Monday, January 2, 2012

NDAA Obama and Anthony Romero

President Obama's action today is a blight on his legacy because he will forever be known as the president who signed indefinite detention without charge or trial into law,” said Anthony Romero, executive director of the American Civil Liberties Union.
Needless to say, Romero is a fool.

The following are some notes I highlighted from an article at opinionjuris

The Bad

Funds for Gitmo to close are gone.

Even so, enactment of section 1022, ambiguous and potentially toothless though it may be, is not without costs. 

The Good

It is also worth emphasizing, however, that the Obama Administration, civil liberties and human rights organizations, and some members of Congress worked tirelessly and quite effectively to improve the final bill dramatically from the versions the Senate and (especially) the House had earlier passed.

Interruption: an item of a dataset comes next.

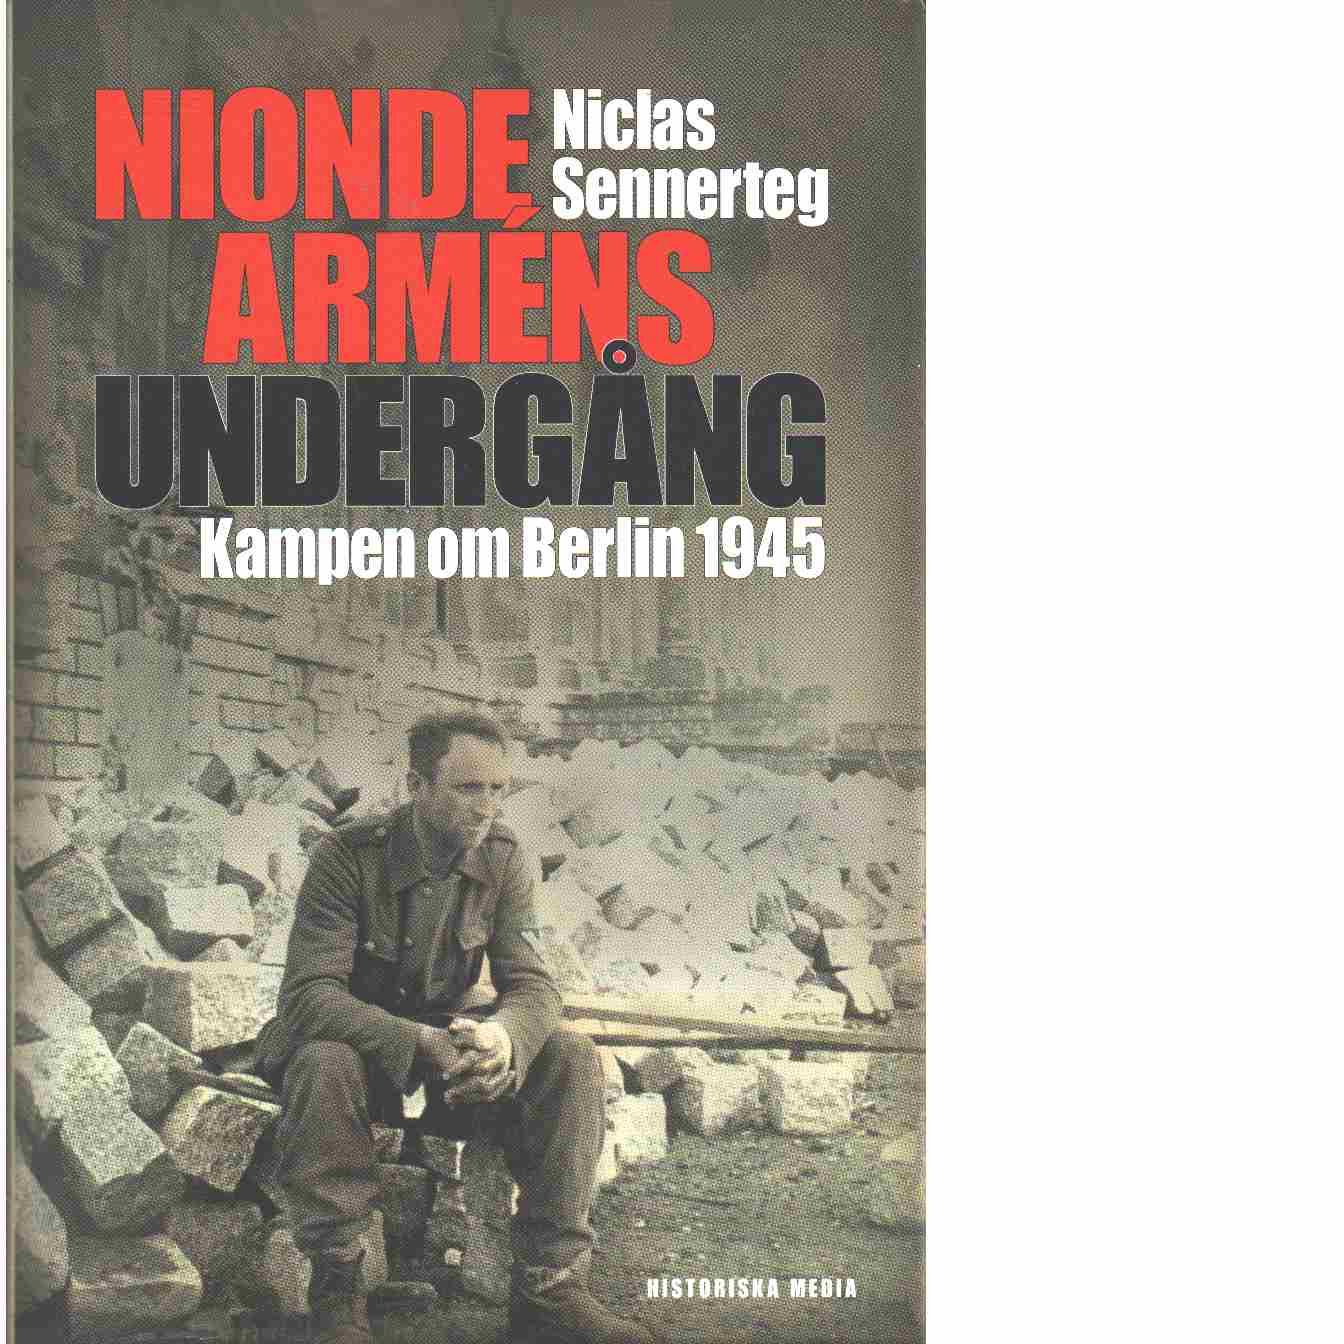 Nionde arméns undergång : kampen om Berlin 1945 - Sennerteg, Niclas

Because of those efforts, Subtitle D of the NDAA is not nearly as problematic as many critics have suggested.  Indeed, the final bill actually contains a handful of provisions that improve upon current law, and one—which will be our focus here—that helps to resolve an important interpretive debate about whether the Executive’s detention authority under the 2001 Authorization for Use of Military Force (AUMF) should be informed and limited by the laws of war.

What is more, those robust efforts to improve the legislation resulted in several provisions that will be distinct improvements vis-a-vis the status quo.